Task objective:
From the material below, retype exactly the lines that begin at the line with "Camara Web Webcam" and end after the line with "England Women's Woven Football Trousers"; pictures stay out of the copy.

Supplied data:
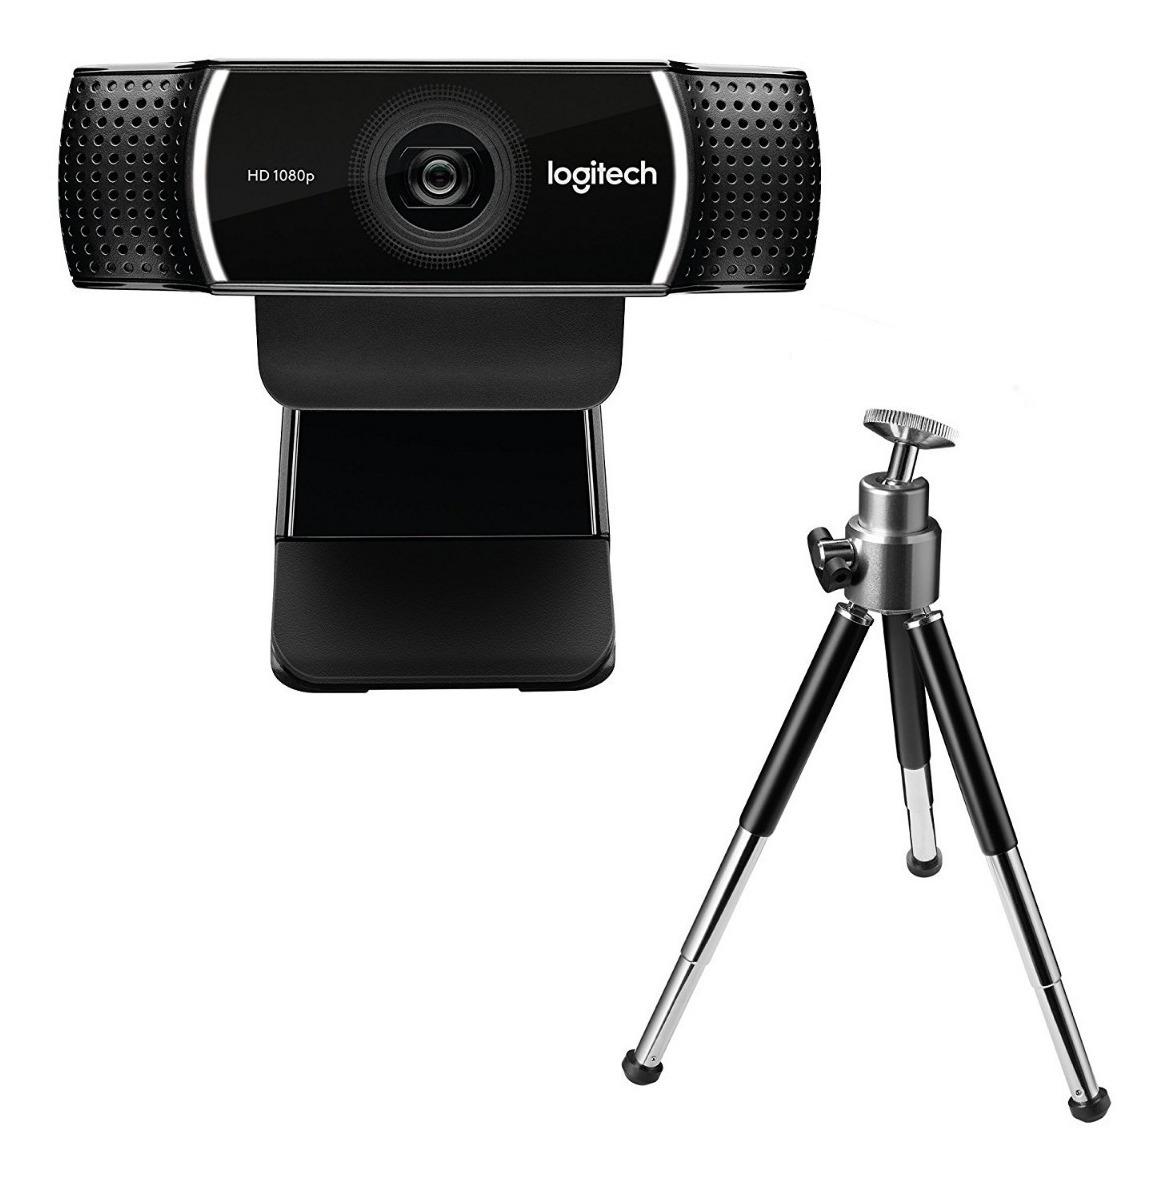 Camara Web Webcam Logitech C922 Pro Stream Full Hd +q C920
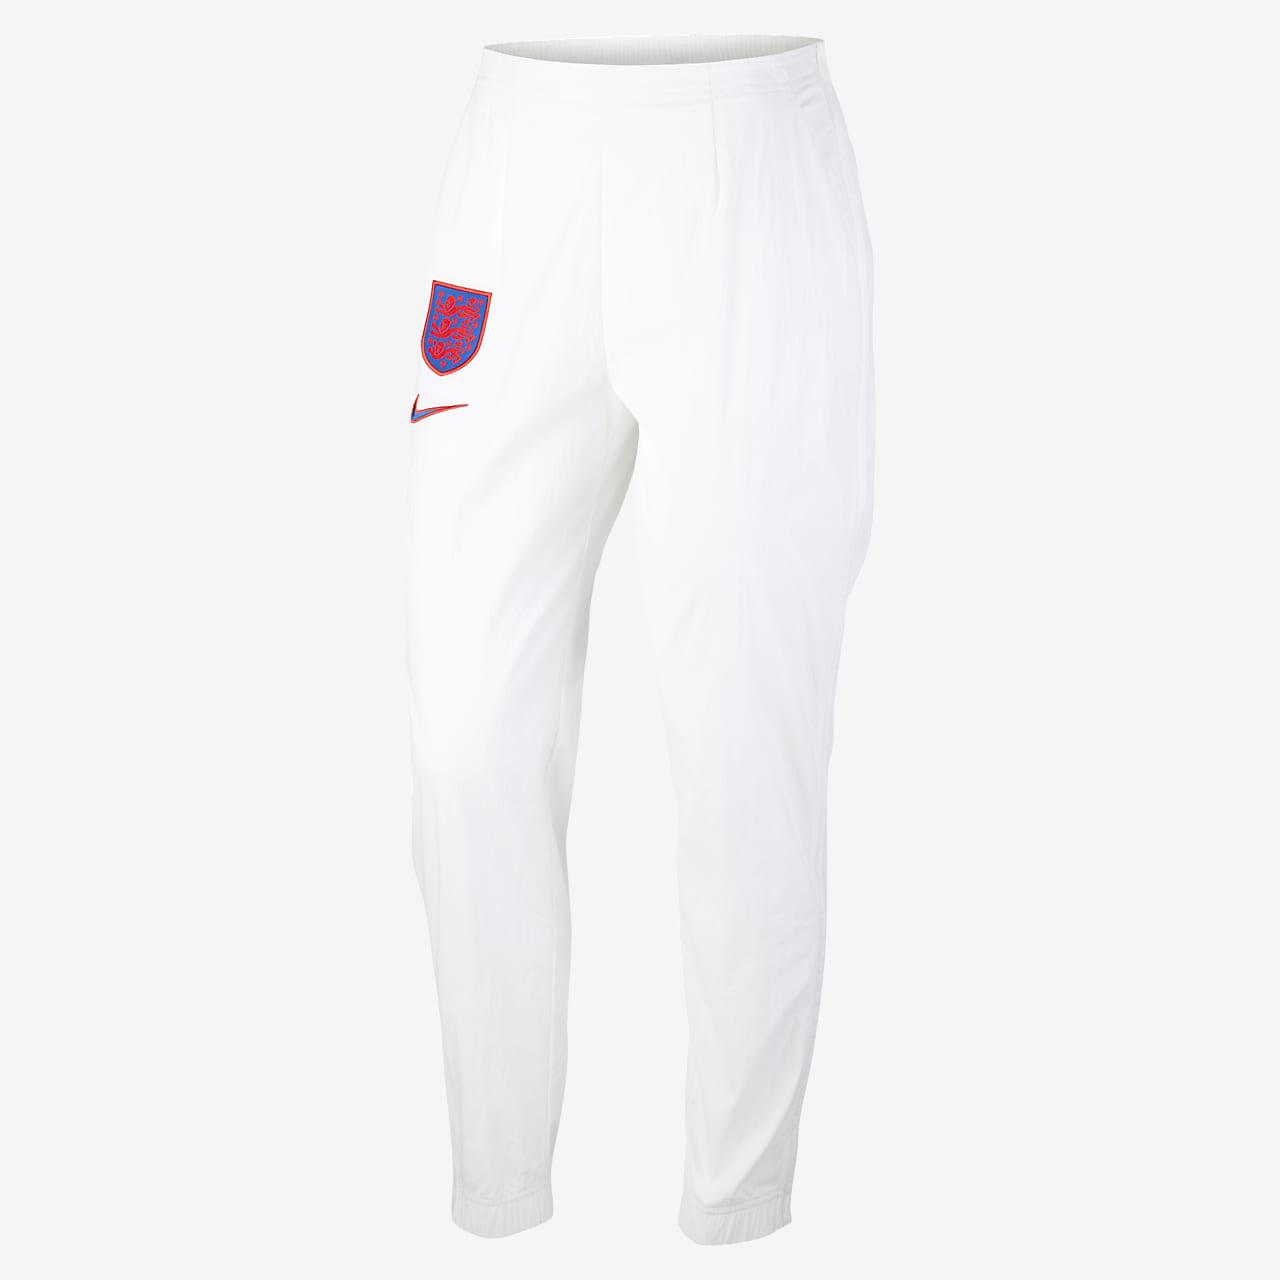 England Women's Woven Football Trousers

* * *

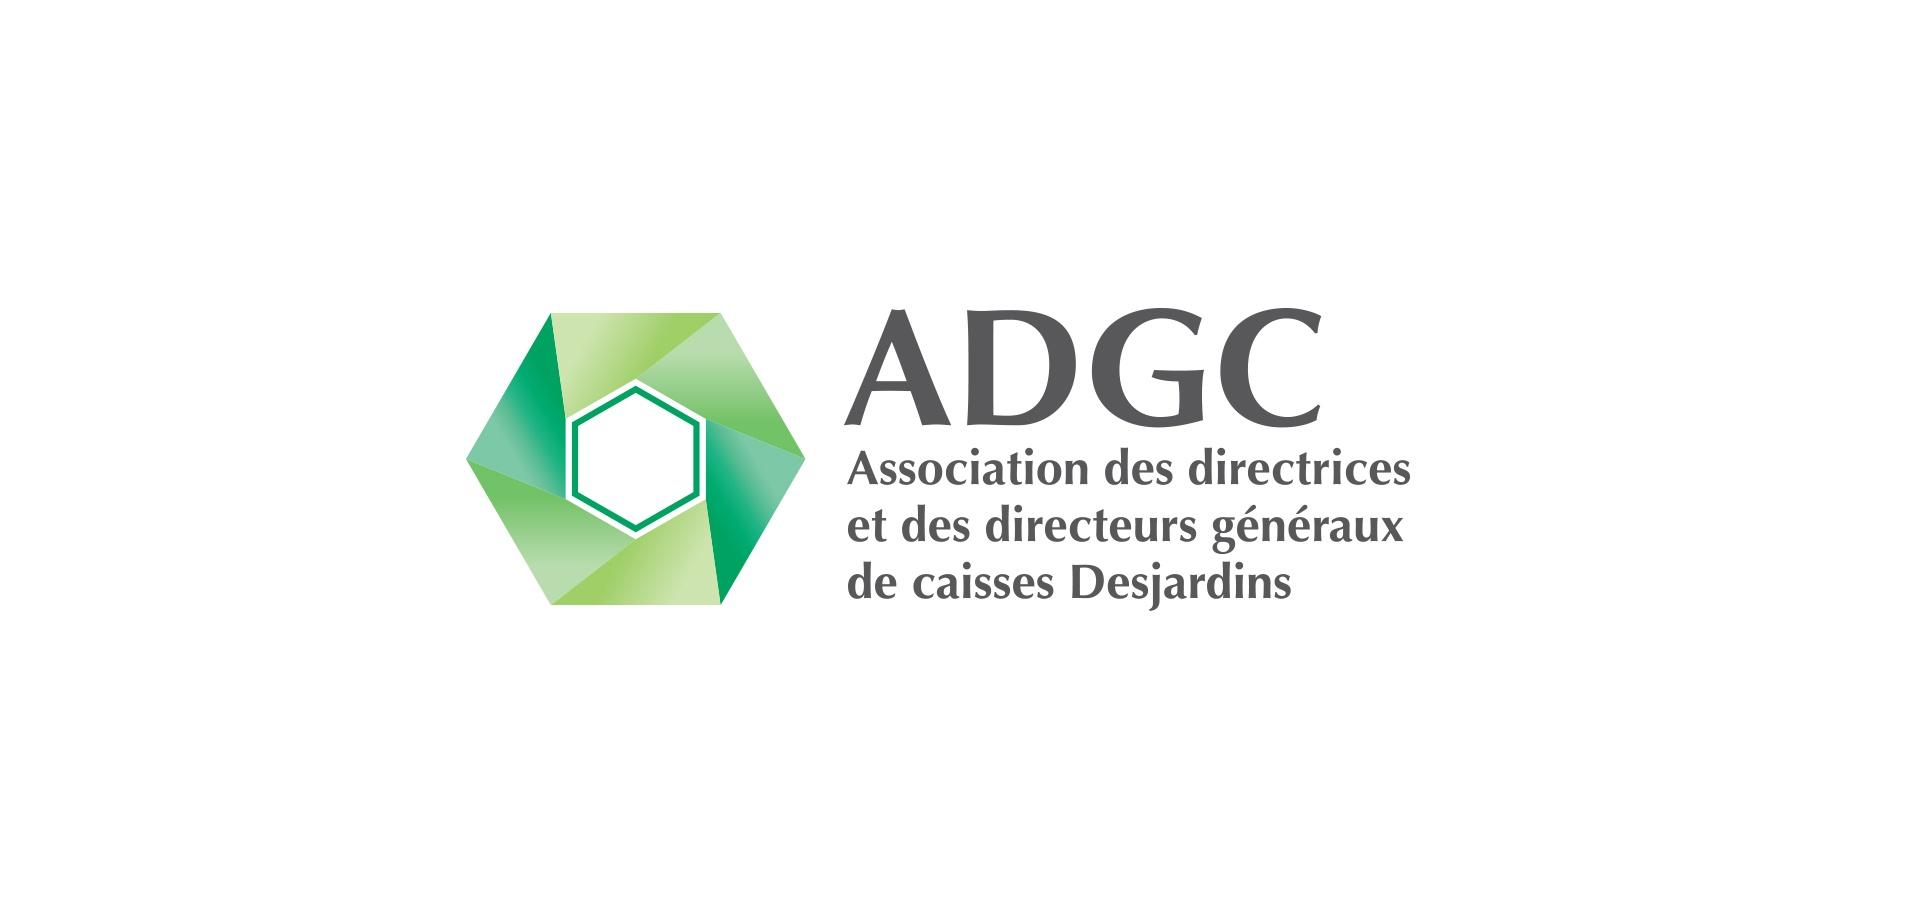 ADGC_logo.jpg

Response for this exercise:
 Camara Web Webcam Logitech C922 Pro Stream Full Hd +q C920
 England Women's Woven Football Trousers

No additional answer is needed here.